RIL, IDBI Bank, Petroleum Marketing Companies, NBFC, HDFC

NEW DELHI: Here are 10 stocks that could be in focus on Wednesday:

Trust Industries: In partnership with Assets Care & Reconstruction Enterprise became the highest bidder in the second round of bidding for the bankrupt bid of Sintex Industries Ltd 3,405 crores, while Himatsingka Ventures The 3,297 crore bid was the second highest.

IDBI Bank: The Center is seeking to launch the privatization of IDBI Bank this month, with the KPMG adviser contacting several suitors, including large private equity buyout funds and long-only funds, inviting them for a round next week. It will be a virtual interaction, involving government officials and bank management.

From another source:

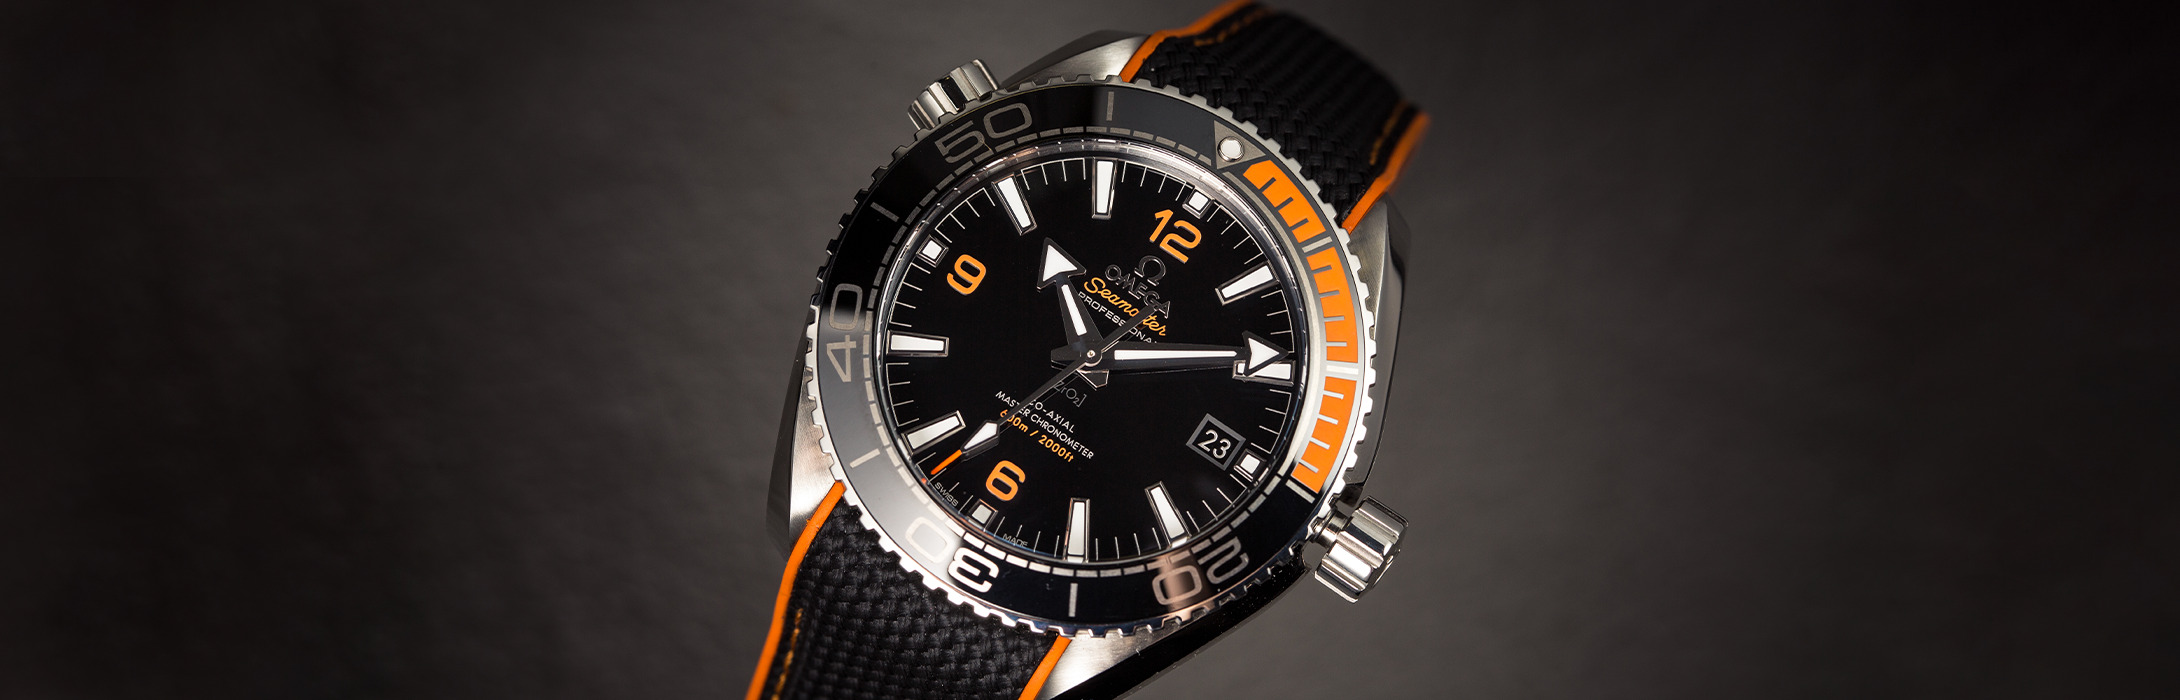 Omega Dive watches buying guide

HDFC: CLSA upgraded its rating on mortgage lender Housing Development Finance Corporation to ‘buy’ from ‘outperform’, and maintained the price target of 3,050, implying 30% upside potential. Shares of HDFC rose nearly 2% on Tuesday to end at 2,339.90. The improved risk versus reward is the primary reason for the upgrade, CLSA said.

Petroleum marketing companies: State-Owned Petroleum Retailers Must Raise Gasoline and Diesel Prices By 5-6 per liter to bring them in line with the out of control international prices. The CMO has kept prices unchanged for more than 100 days now, given Assembly polls in several states.

NBFC: The Reserve Bank of India has given non-banking financial companies an additional six months to comply with new standards for the recognition of non-performing assets (NPA). Previously, March 31 was the deadline for non-bank lenders to upgrade NPAs only after payment of all arrears and principal due. The RBI has clarified that loans classified as NPA will only be upgraded to the standard category if all dues are paid.

Capital Dependency: Reliance Capital’s lenders have reached agreement on an expression of interest (EOI) document which will be presented by the company’s administrator to potential bidders. The EOI could be ready as early as Friday. The RBI-appointed administrator will seek NCLT’s approval for the proposed EoI terms.

Srei Group: The company’s promoters approached the National Company Law Tribunal challenging a forensic audit of KPMG, which had been ordered by bankers. The bankers had instructed KPMG to carry out a forensic audit in March 2021 as they considered an overhaul of the loan. A special RBI audit in November 2020 had identified several related party relationships in their businesses.

Aditya Birla Fashion and Retail: Aggressively made inroads into Indian ethnic apparel, including designer brands and internet-first ventures, by incubating or acquiring new-age digital fashion and beauty brands. The company could invest and create up to 30 top brands on the Internet in the next 3-5 years.

SpiceJet Ltd: published a consolidated net profit of 42.45 crore in the three months ended December 31 compared to a loss of 66.78 crore in the prior year quarter, mainly due to compensation claimed for the grounding of Boeing 737Max aircraft. Consolidated net sales increased by 43% year-on-year to 2,677.34 crore.

Burger King India: The company has closed its qualified institutional placement issue and has finalized the issue price at 129.25 per share, a 5% discount to the floor price of 136.05 per share.